Часа два мы ехали спокойно после этой маленькой тревоги и, по моему расчету, должны были сделать, наверное, более тридцати верст от нашего лагеря. Мой Орлик шел ходким проездом, тем оригинальным смешанным аллюром, которым обыкновенно барантачи наезжают своих лошадей. Проезд не утомляет коня, чрезвычайно покоен для всадника и настолько быстр, что непривычная к этому ходу лошадь только рысью может поспевать за конем, идущим этим ходом.

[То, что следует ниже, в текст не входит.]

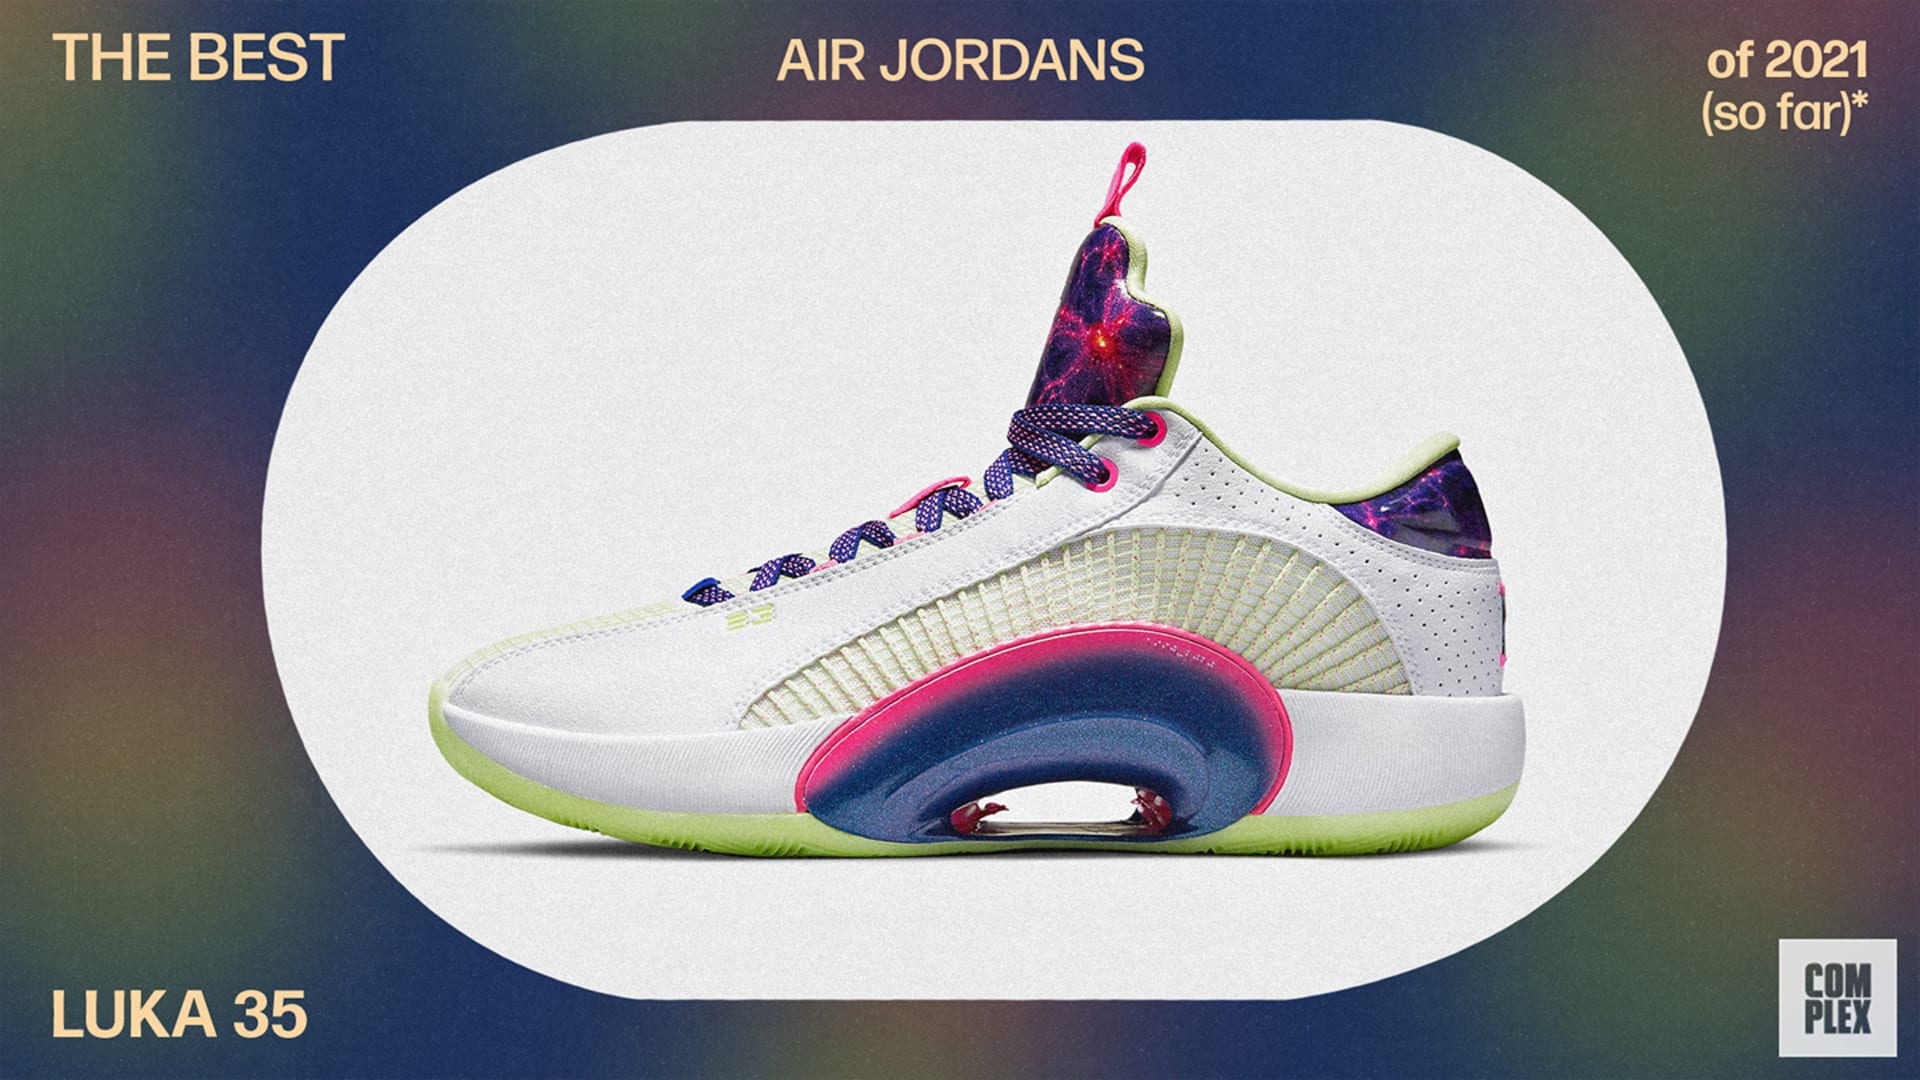 air jordan latest shoes 2021

Мой тюркмен, казалось, нисколько не был утомлен, он весело потряхивал своей сухой головой, шелестел подвесками и амулетами, украшавшими уздечку туземного образца. Легкий, предрассветный ветер так приятно пробирался под складки моего плаща, освежая эту душную, тяжелую ночную атмосферу. Даже казачьи моштаки тоже, по-видимому, нисколько не уставшие, шли бодро, хватая друг друга зубами за загривки, едва только казак отпускал вольнее ременный повод. Все шло очень хорошо, все предвещало полный успех нашей поездке.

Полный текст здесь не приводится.